Performance vs context length

Per-turn TTFT (first-token latency) and steady-state decode tok/s, bucketed by input-token length of that turn. We bucket per turn rather than per task because the agent loop's input grows monotonically inside a single task — buckets reveal how each provider scales prefill and decode under increasing context.

Buckets: 0–10k, 10–30k, 30–60k, 60–120k, 120k+ tokens. Buckets with fewer than 5 turns of data are dropped to avoid noise.

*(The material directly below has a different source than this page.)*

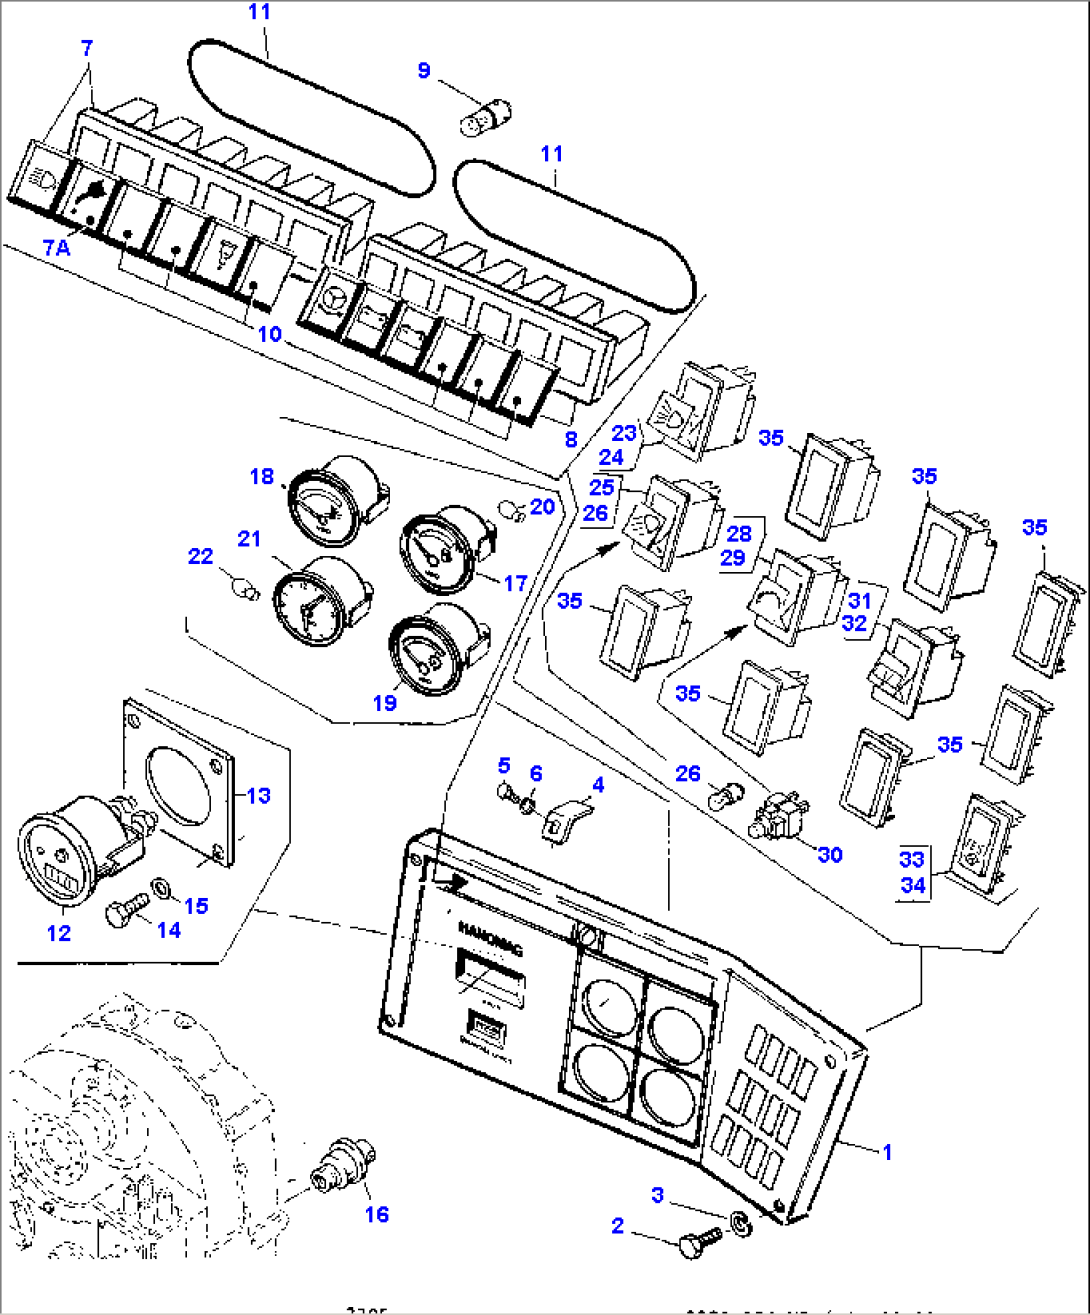 INSTRUMENT PANEL AND INSTRUMENTS

Read this as: a profile that holds steady across buckets has a working KV-cache / prefix-cache; a profile whose TTFT slopes up sharply is recomputing prefill on every turn.

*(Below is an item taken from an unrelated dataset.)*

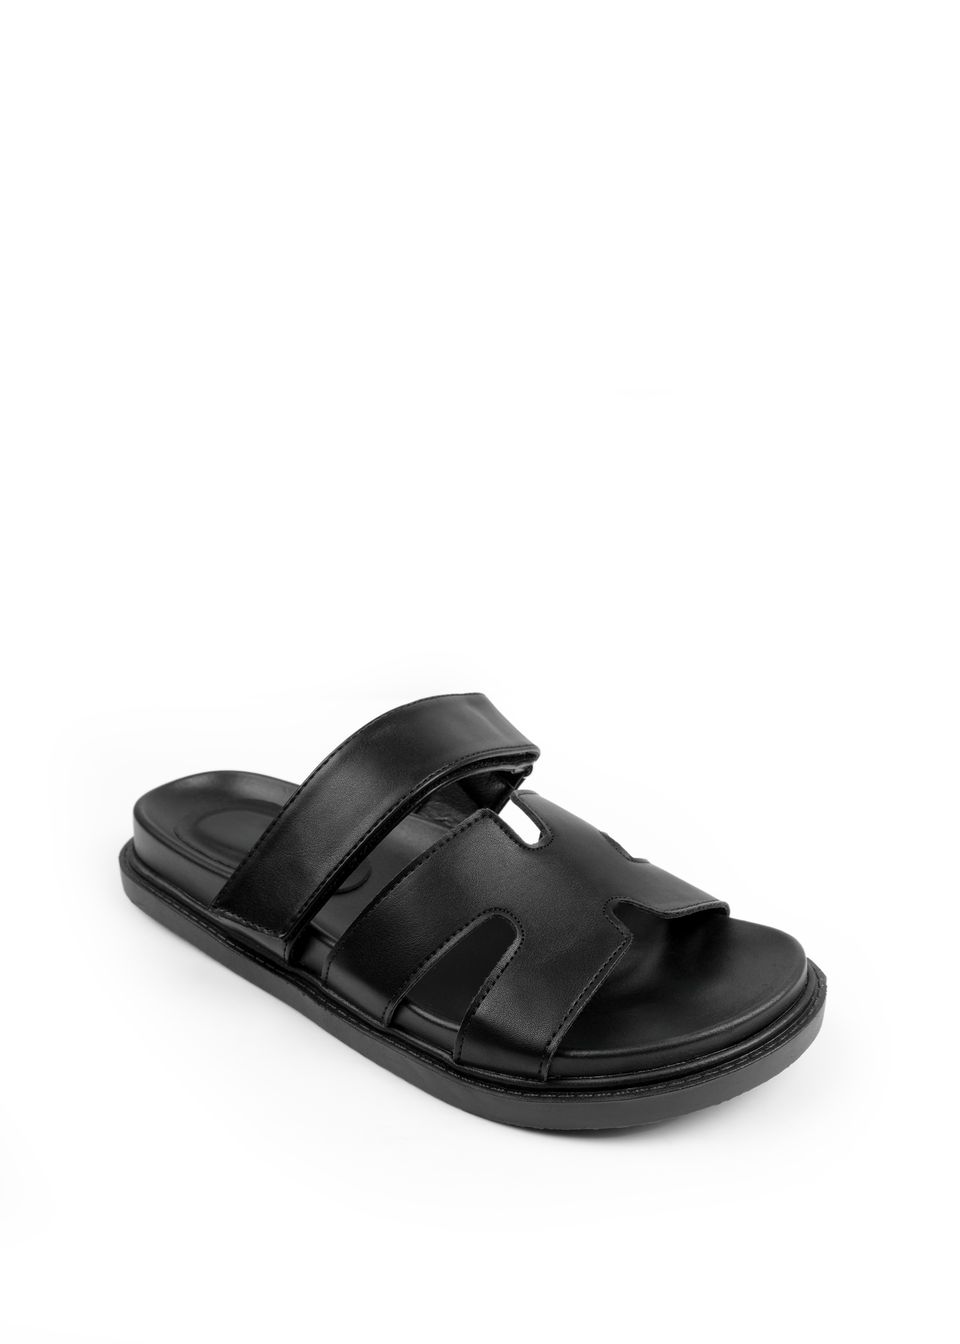 Where's That From Black Pu Adagio Strappy Sandals - Size 7 | Matalan (UK)

TTFT (seconds, lower is better)

ttft-by-context.svg

Decode tok/s (higher is better)

decode-by-context.svg

Provider details

Provider details below use public profile labels. They publish enough information to interpret the benchmark results: provider surface, runtime family, model or quantization, sampling policy, context limits, and broad hardware class for self-hosted profiles.

OpenRouter Qwen3.6-27B

  • Profile: fiz-openrouter-qwen3-6-27b
  • Surface: managed OpenAI-compatible API through OpenRouter.
  • Model: qwen/qwen3-6-27b-instruct.
  • Sampling: temperature=0.6, top_p=0.95, top_k=20, reasoning low.
  • Limits: 128k advertised context, 32k max output.
  • Cost profile: low cash cost per run; current medians put it near the budget end of the hosted profiles.
  • Notes: provider-side routing and caching are opaque, so this profile is best read as the managed throughput reference for Qwen3.6-27B.

sindri-vllm

  • Profile: sindri-vllm
  • Surface: self-hosted vLLM on a local RTX-class CUDA workstation.
  • Model: Qwen3.6-27B AutoRound int4.
  • Sampling: temperature=0.6, top_p=0.95, top_k=20, reasoning low.
  • Limits: 180k advertised context, 32k max output; effective usable context depends on runtime memory pressure.
  • Notes: decode throughput is strong, but TTFT rises with long context. Prefix caching is the main performance lever for this profile.

sindri-llamacpp

  • Profile: sindri-llamacpp
  • Surface: self-hosted llama.cpp on the same local CUDA hardware class as sindri-vllm.
  • Model: Qwen3.6-27B Q3_K_XL quantization.
  • Sampling: temperature=0.6, top_p=0.95, top_k=20; provider-specific reasoning hints are not sent to llama.cpp.
  • Notes: this profile isolates runtime and quantization differences against the same broad hardware class as the vLLM profile.

local-vllm-rtx3090

  • Profile: local-vllm-rtx3090
  • Surface: self-hosted vLLM on a mobile RTX-class CUDA system.
  • Model: Qwen3.6-27B AutoRound int4.
  • Sampling: same as sindri-vllm.
  • Notes: this profile is wired up but not yet producing enough real reps for a comparable benchmark read.

local-omlx-qwen3-6-27b

  • Profile: local-omlx-qwen3-6-27b
  • Surface: self-hosted oMLX on an Apple silicon workstation class.
  • Model: Qwen3.6-27B MLX 8-bit.
  • Sampling: temperature=0.6, top_p=0.95, top_k=20, reasoning low.
  • Limits: 128k advertised context, 32k max output.
  • Notes: current results show slower TTFT and decode than the CUDA profiles at this model size.

local-rapidmlx-qwen3-6-27b

  • Profile: local-rapidmlx-qwen3-6-27b
  • Surface: self-hosted Rapid-MLX on an Apple silicon workstation class.
  • Model: Qwen3.6-27B MLX 8-bit.
  • Sampling: same as the oMLX profile.
  • Notes: this profile is not yet producing comparable real reps.

local-lmstudio-qwen3-6-27b

  • Profile: local-lmstudio-qwen3-6-27b
  • Surface: LM Studio alternate runtime.
  • Model: Qwen3.6-27B class local model.
  • Notes: this profile is a placeholder until it produces real reps.